Are Big Island Roads Being Left Behind?
- PECConnect
- Apr 8
- 3 min read
Big Island residents aren’t just complaining about rough roads. They’re questioning whether their safety is being taken seriously. If a road is bad enough that people worry an ambulance could lose valuable time getting to them, why does it still feel like a patch job problem instead of a priority?

That concern is at the heart of the comments from the community, where a visible frustration can be seen over road conditions in the area. When people start asking something, they’re not only describing potholes and rough surfaces. They were talking about the safety, emergency access, and a growing feeling that rural areas like Big Island are being left behind while the County focuses on other infrastructure pressures.

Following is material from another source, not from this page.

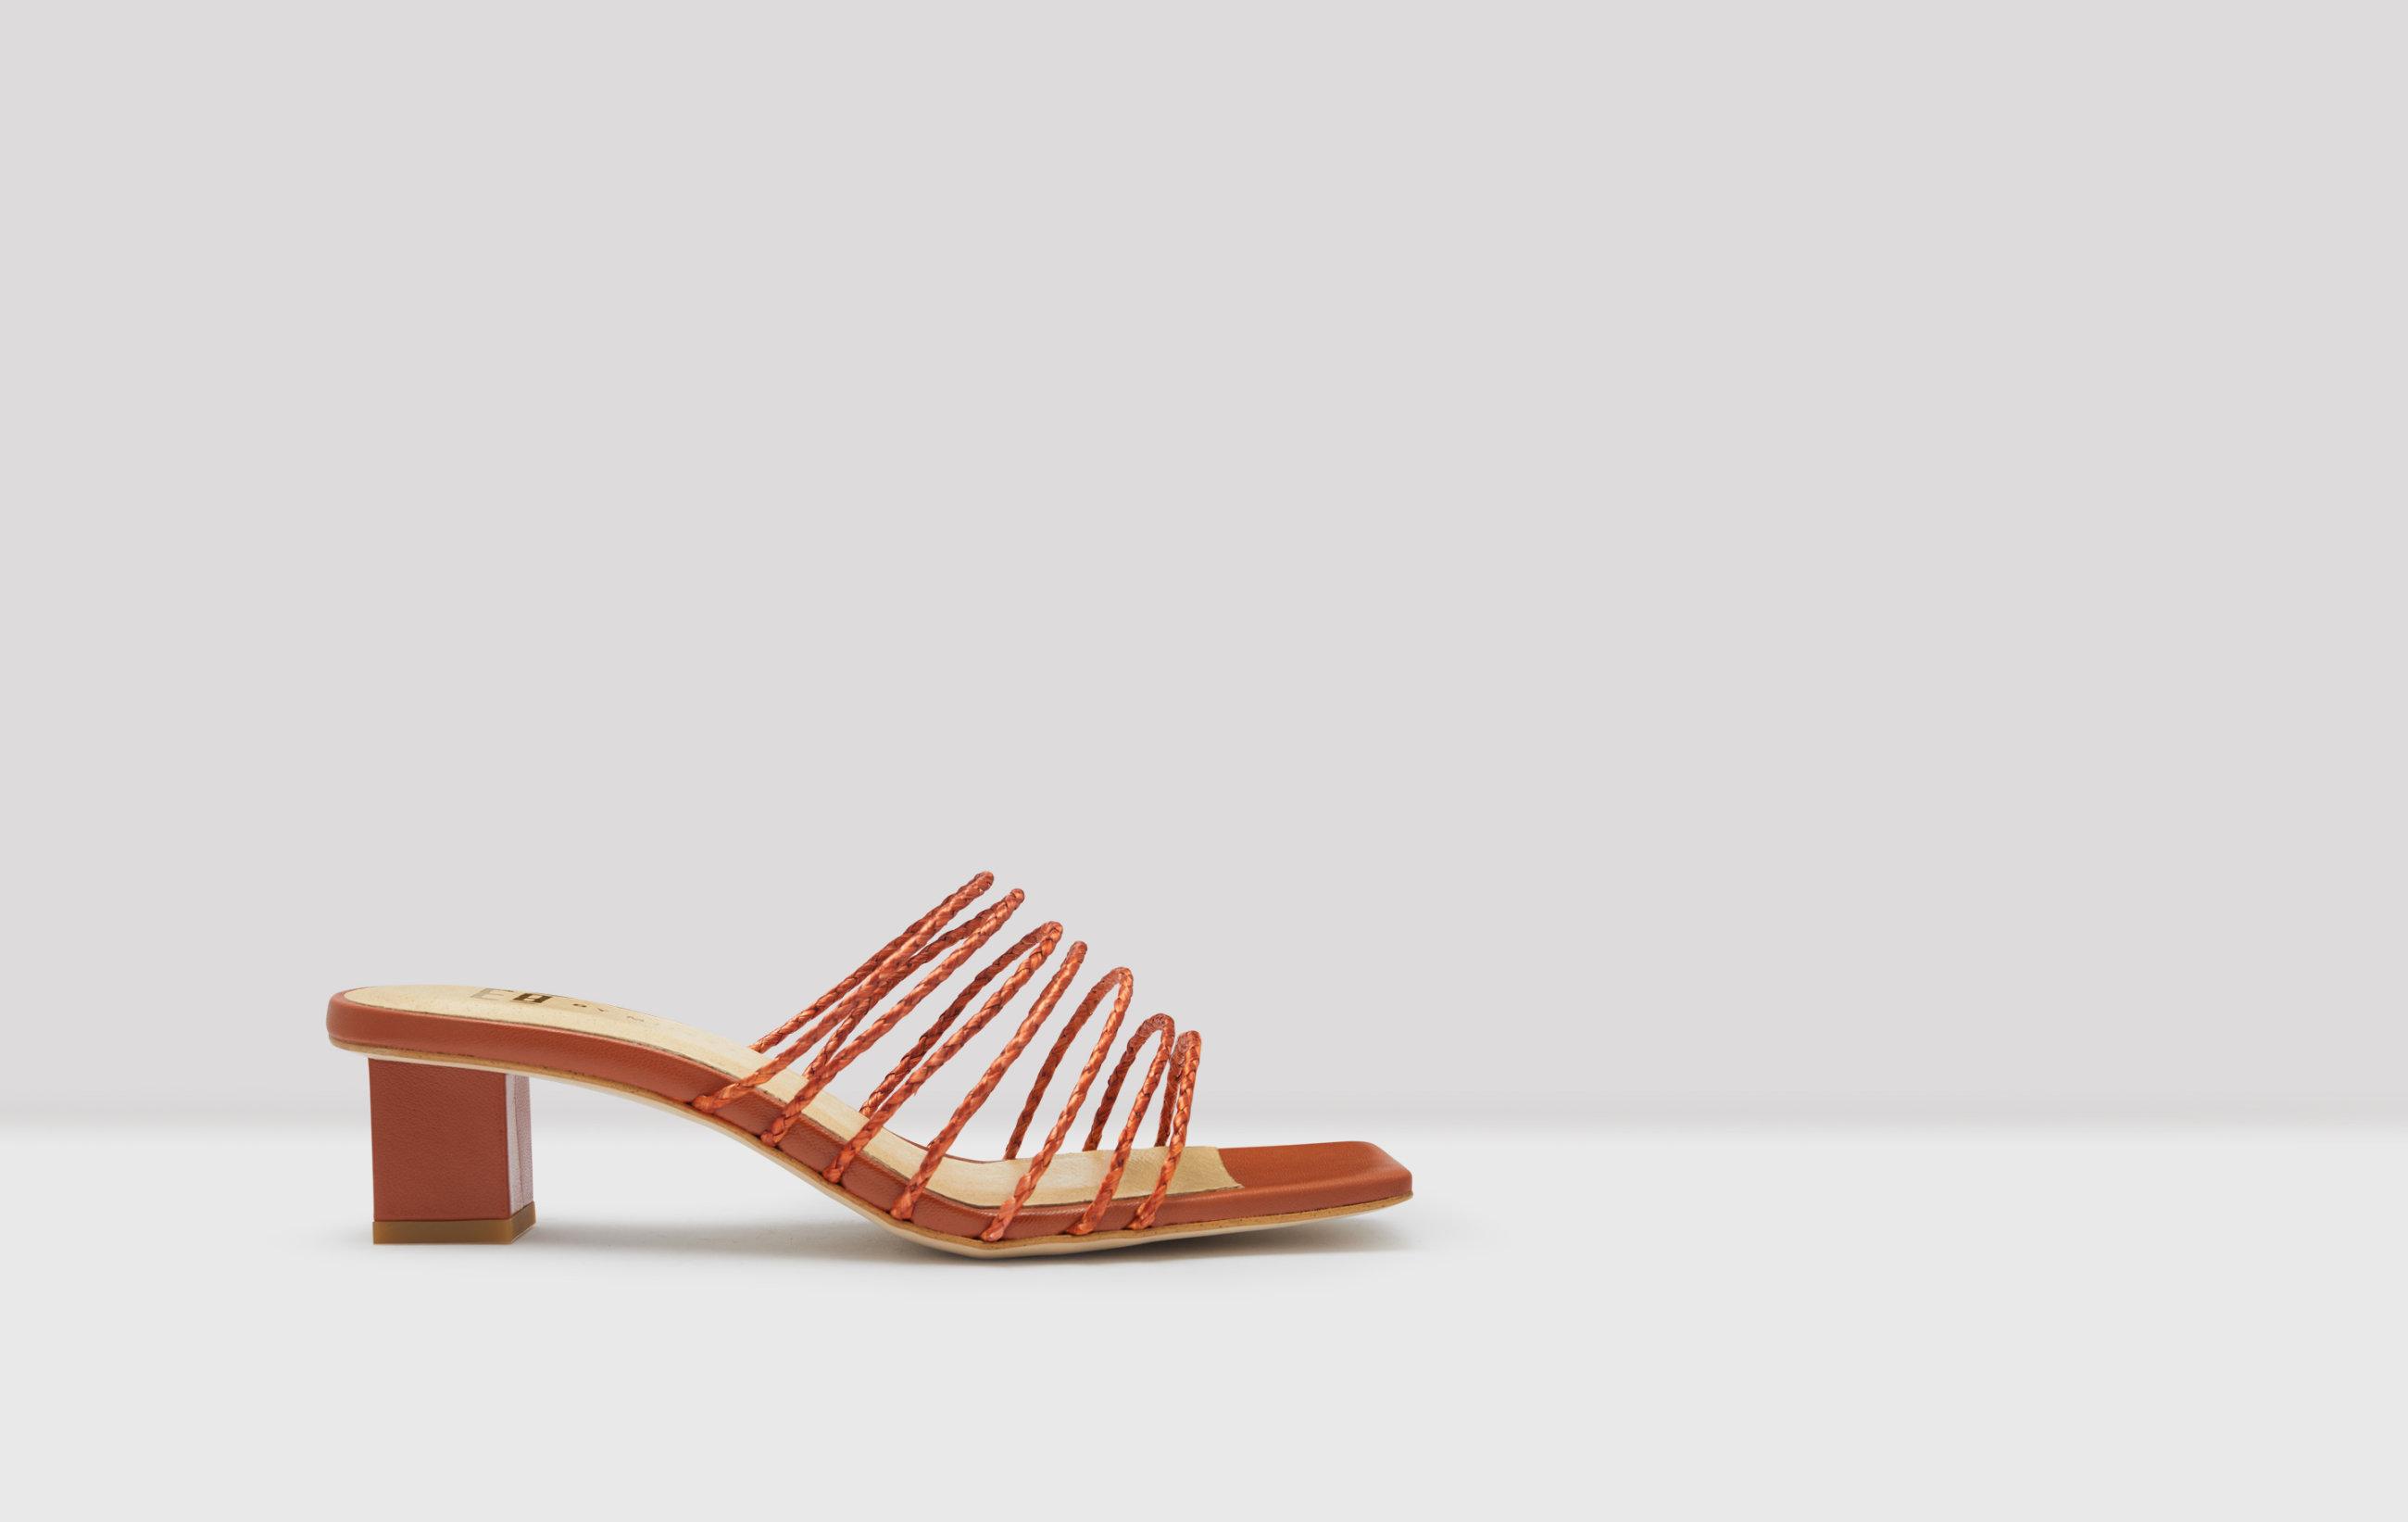 Nahla Tigerlily Raffia Sandals E8 By Miista E8 Sandals

One of the frustration lines up with the County’s own public record. Prince Edward County states that it maintains more than 1,100 kilometres of roads and follows Ontario’s minimum maintenance standards for inspections, patrols and repairs. The County also points to its five-year road improvement plan that is supposed to weigh road condition, failure risk, traffic, and even roads with a history of emergency-service demand. On paper, that suggests safety and accessibility are built into the decision-making process, not treated as an afterthought or secondary concern.
Residents are reacting to what they see and experience in real life and that is where the disconnect sits. The County’s regular road maintenance page updates explains that potholes are filled on an ongoing basis and that crews patrol roads proactively. But for people living on Big Island, that explanation can be felt as overly procedural and disconnected from reality, especially if the same spots keep returning and the overall driving experience continues to feel unsafe, dangerous and neglected.
Another flashpoint in the discussion is funding and priorities. One commenter pointed to the water line discussion tied to Base31 and Wellington, and that concern is not coming from nowhere. In a County document from May 15, 2025, staff confirmed that servicing options for Base31 include a preferred connection to Wellington and noted that the County was in discussions about Base31 contributions toward growth-related infrastructure. However, what that document does not show is any evidence that Big Island road work was delayed because of that project. That part remains an inference from residents, not confirmed.
What does deserve closer attention is the County’s own messaging. The County announced on March 12, 2026 that it was moving ahead with a $14 million rural roads program for the year. Yet at the same time, public planning material connected to the County’s five-year roads plan PDF has pointed to North Big Island Road as a 2026 candidate for single surface treatment, while the March 2026 road-work announcement highlights other roads instead. That does not automatically mean Big Island was removed from the plan, but it does show the lack of clarity that feeds frustration among residents.
If the County wants to maintain public trust on this issue, it needs to go beyond general statements about standards and work plans. It needs to clearly and directly communicate what is scheduled for Big Island and what is not, and why. What people need is transparency and it's necessary for the County to do so.
What do you think the County should be asked to clarify first: Big Island’s repair timeline, the standard it uses to decide urgency, or how major growth-related projects affect rural infrastructure priorities? What are your thoughts on this one?